When ever we go out to eat we're often stuck with one of two bad food choices. Either we are given too much food or the food we're given is extremely unhealthy for us. Even quick, easy to make, alternatives are similarly designed. And when we get the courage to even try to look at the so called "diet food", it is way overpriced. So how in the world can we make a diet food plan that fits who we are and our dieting goals?
The simple truth is it is right in front of our faces. We need to make our own meals. Many great foods that work to reduce fat are served fresh with basic ingredients.
Many restaurants serve excellent tasting food. This is because they tend to load up your dish with all the things that are fatty in nature. Prepackaged selections give you the food, but it's heavily saturated with preservatives and fat. By controlling what goes into your food, you know exactly how unhealthy it is.
When we think of a diet food plan, we are often reminded of bland food that is served in minuscule proportions. This is because the same people that feed us the fat filled dishes are the same people designing the health food. This means when you think of a diet food plan, you automatically have a negative reaction to it.

The truth is not every diet food plan will taste as bad as it sounds. Take for instance a chicken salad. A restaurant will hose what they call a salad in fatty dressing, mounds of cheese, and all manner of grilled chicken that may have been cooked in something unhealthy. Now if you make this same type of salad at home, you can maintain the taste and reduce most of the fat from the equation.

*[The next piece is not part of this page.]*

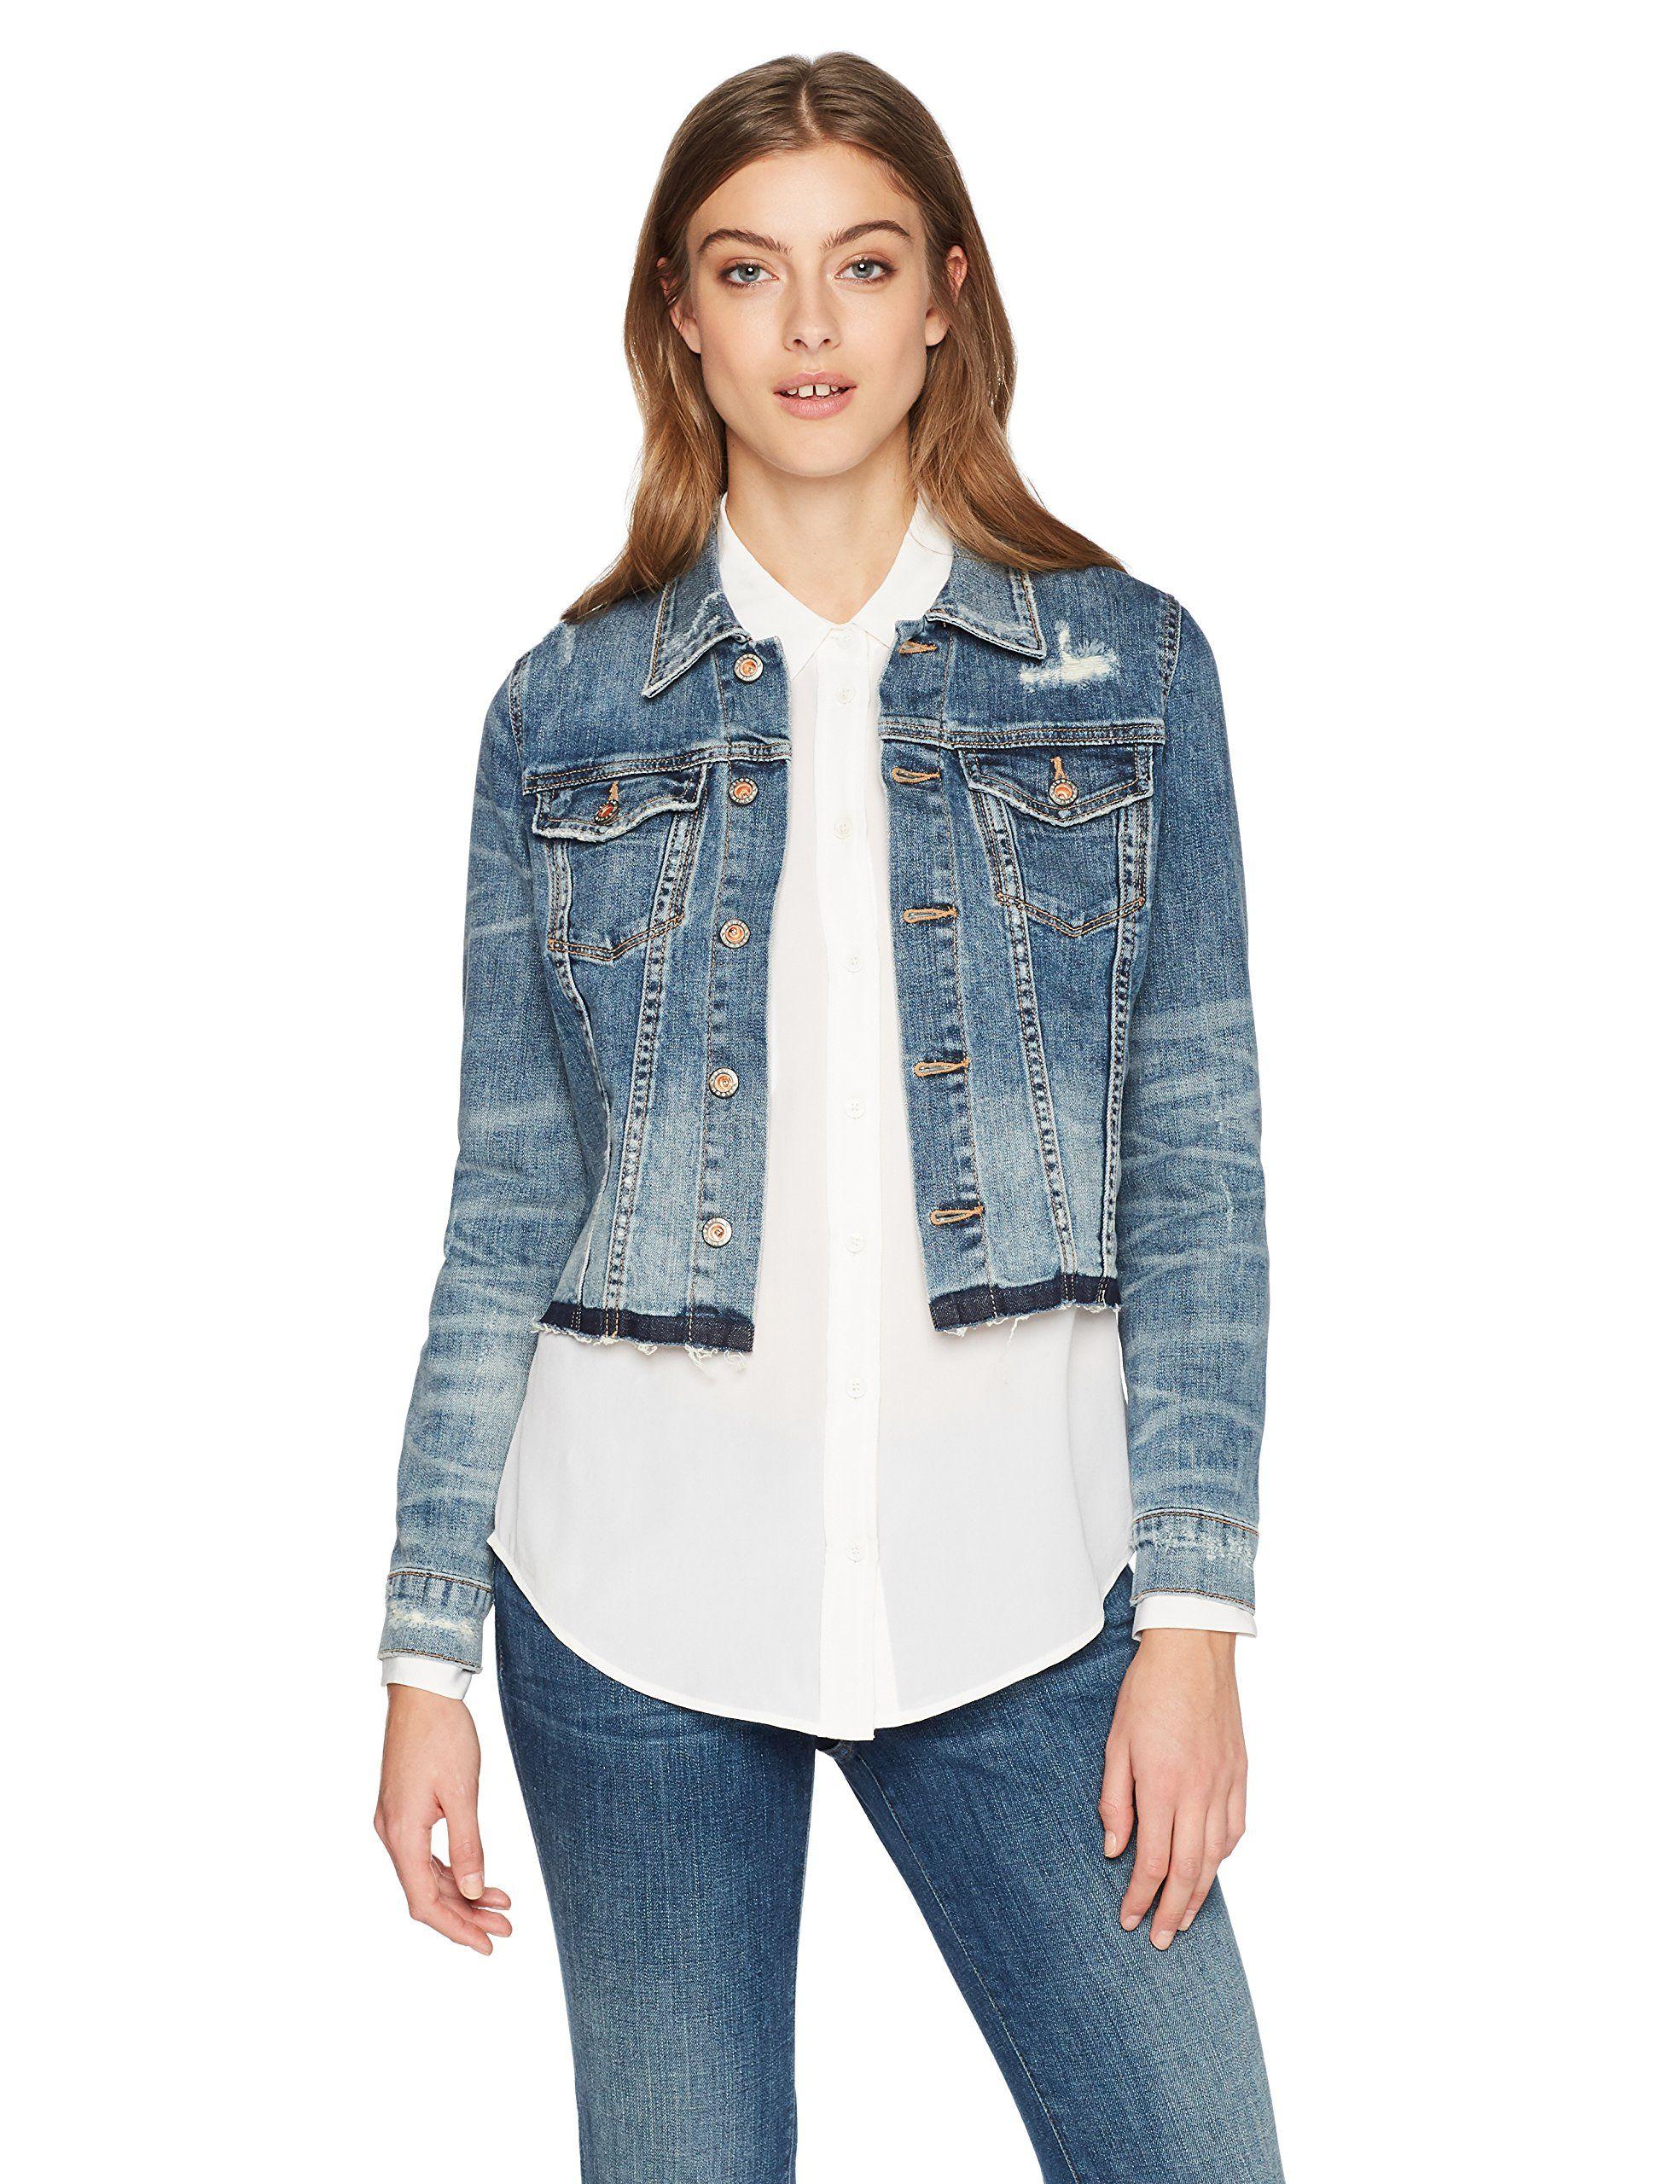 Denim Bloom Womens Deep Blue Color With Frayed Hem Denim Jacket Xs Dark Blue Color More Info Could Be Found At Denim Jacket Women Denim Fashion Women Jeans [ 2560 x 1969 Pixel ]

Cut up your vegetables, add a few spices, and grill a chicken strip without anything fancy. Lemon juice works wonderfully in keeping the chicken moist. Add it to your salad and toss. You'll be surprised how good something tastes when you prepare it yourself. And if there is something you don't like, you have the power to make adjustments and create your own personal dieting heaven.
A diet food plan does not even have to be limited by culture. Make your favorite ethnic dishes and substitute the unhealthiest ingredients with something better for you. There are dozens of guides on line to show you what to substitute. Chances are you won't even know anything changed.
Information that will help you have Permanent Weight Loss & Vibrant Health.
If you really want to learn diet secrets that will help you lose weight, then the diet secrets you're about to discover inside work so well that you can use them to lose weight quickly and easily!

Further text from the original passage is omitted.